:: DATA PROVIDED ::

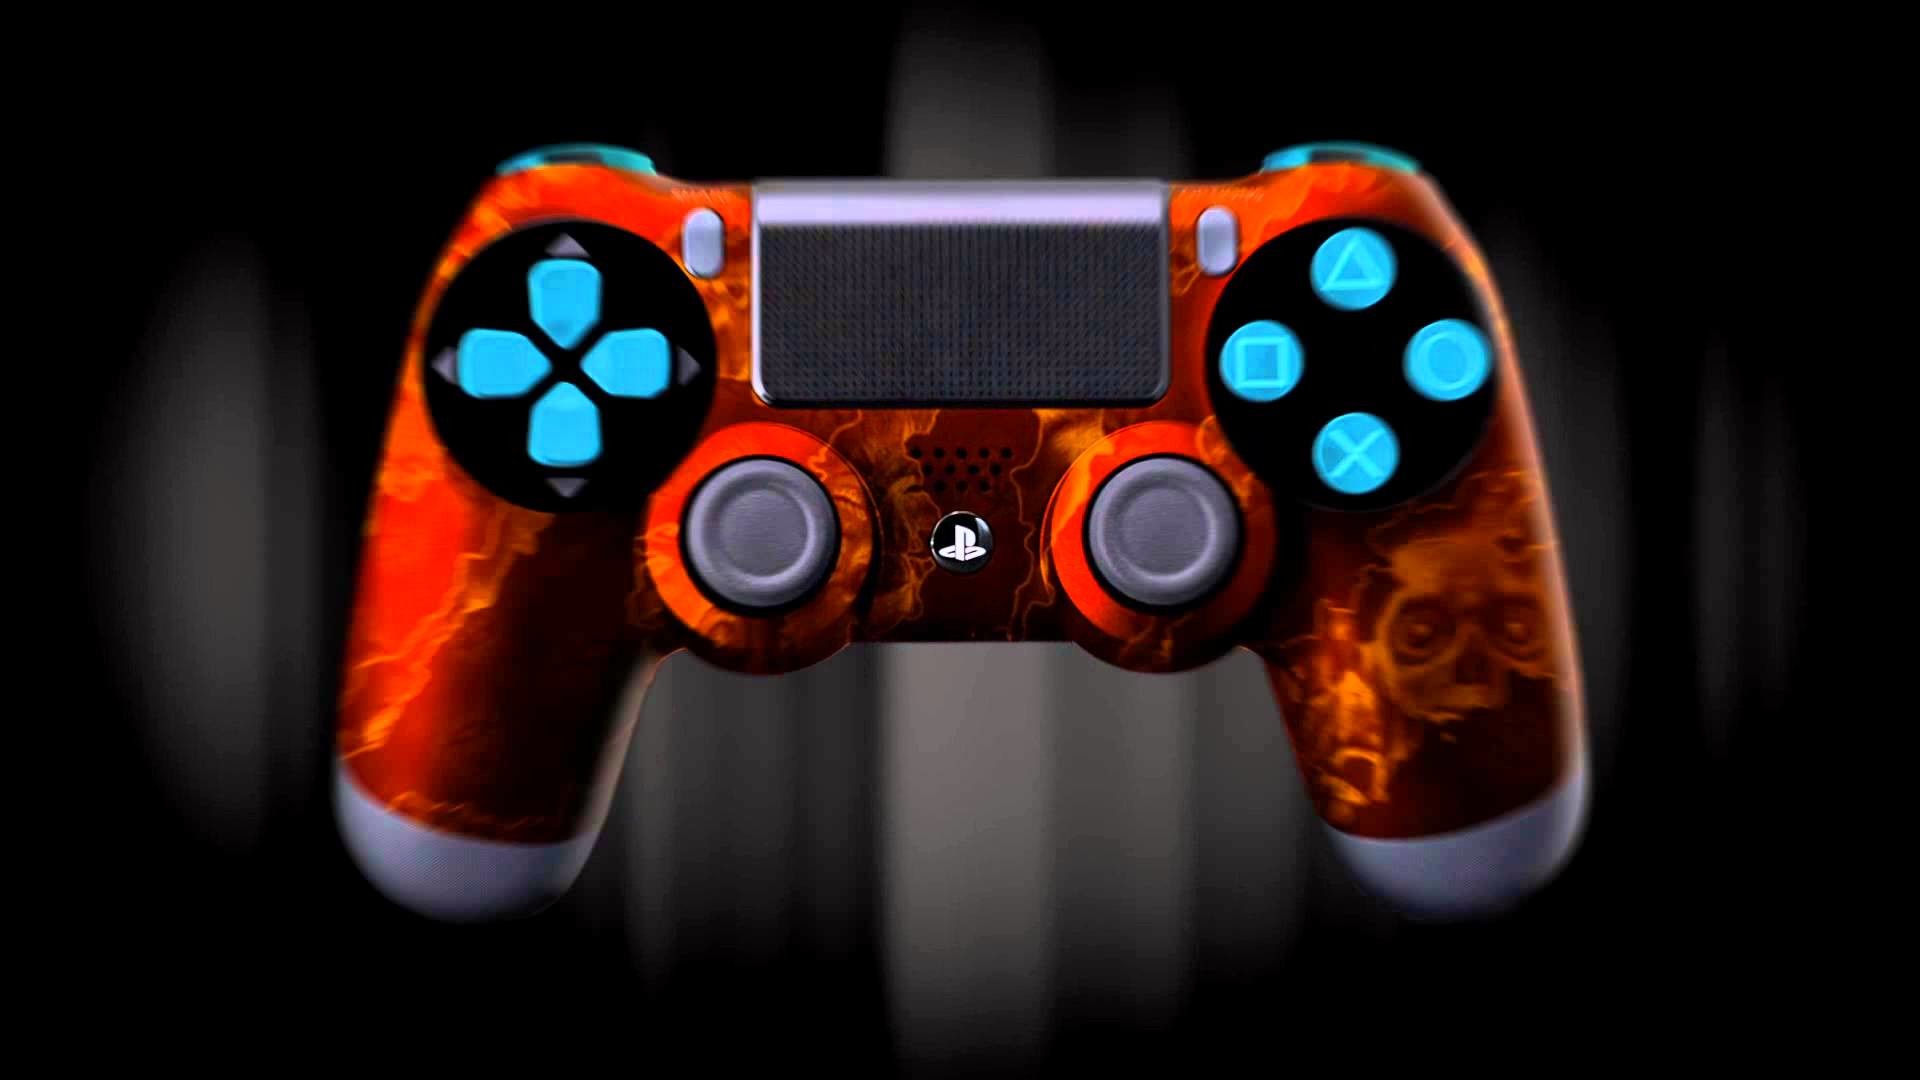 1920x1080 Custom PlayStation 4 Controllers - Presented by Evil Controllers
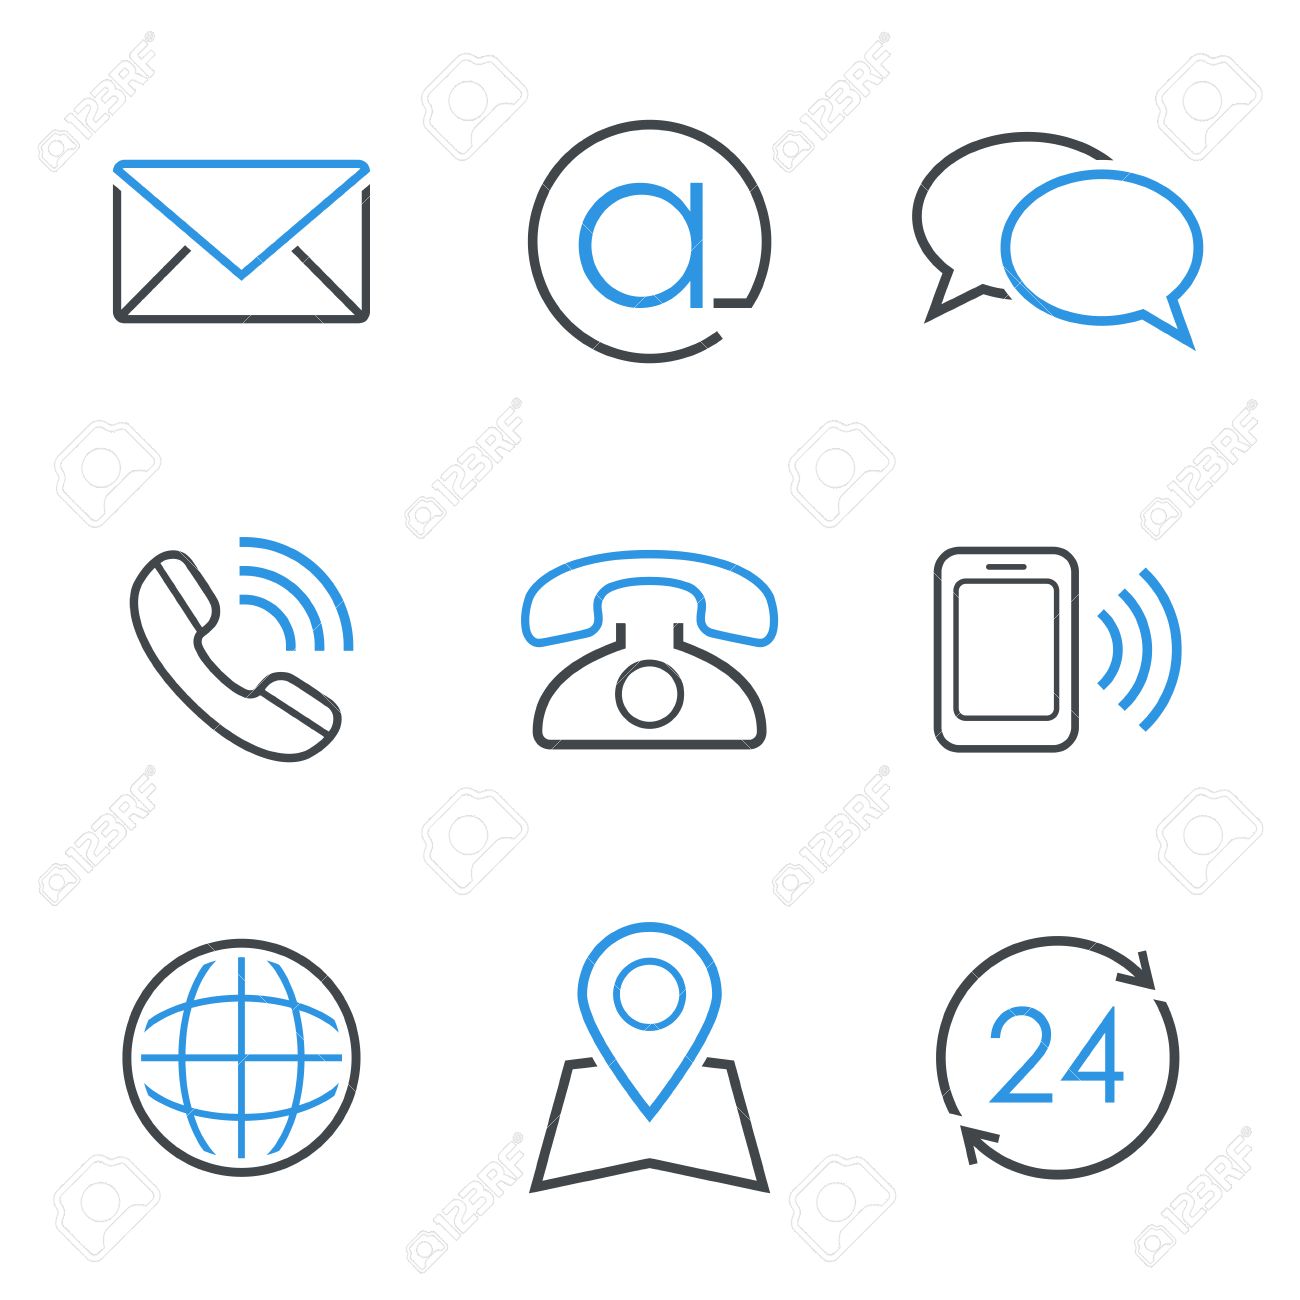 Set of numerous contact icons in flat silhouette style artwork 
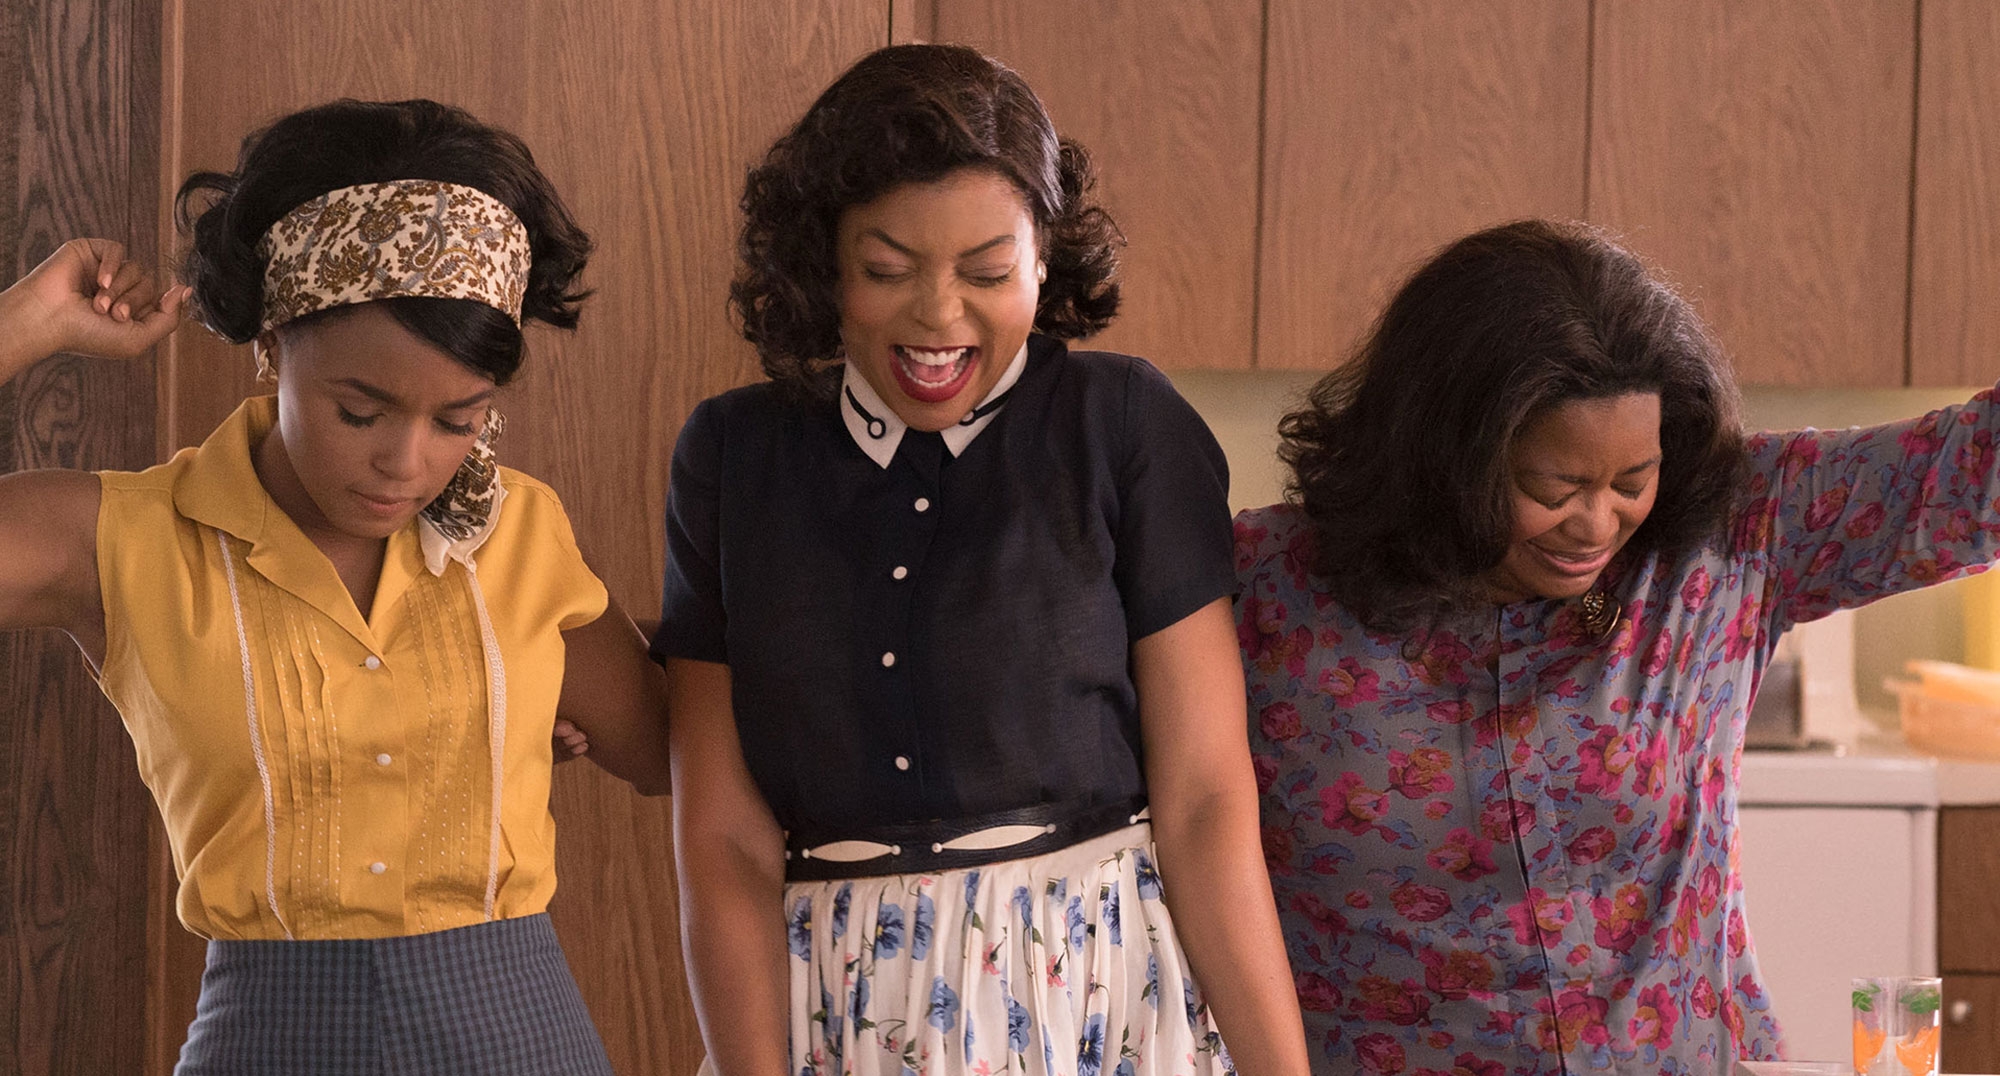 Hidden Figures Review: a little known story rockets to becoming a must-see film

:::

● WHAT TO PRODUCE
Pictures are to be left out; the rest of the listing should be printed exactly.

● SOLUTION BELOW
 1920x1080 Custom PlayStation 4 Controllers - Presented by Evil Controllers
 Set of numerous contact icons in flat silhouette style artwork 
 Hidden Figures Review: a little known story rockets to becoming a must-see film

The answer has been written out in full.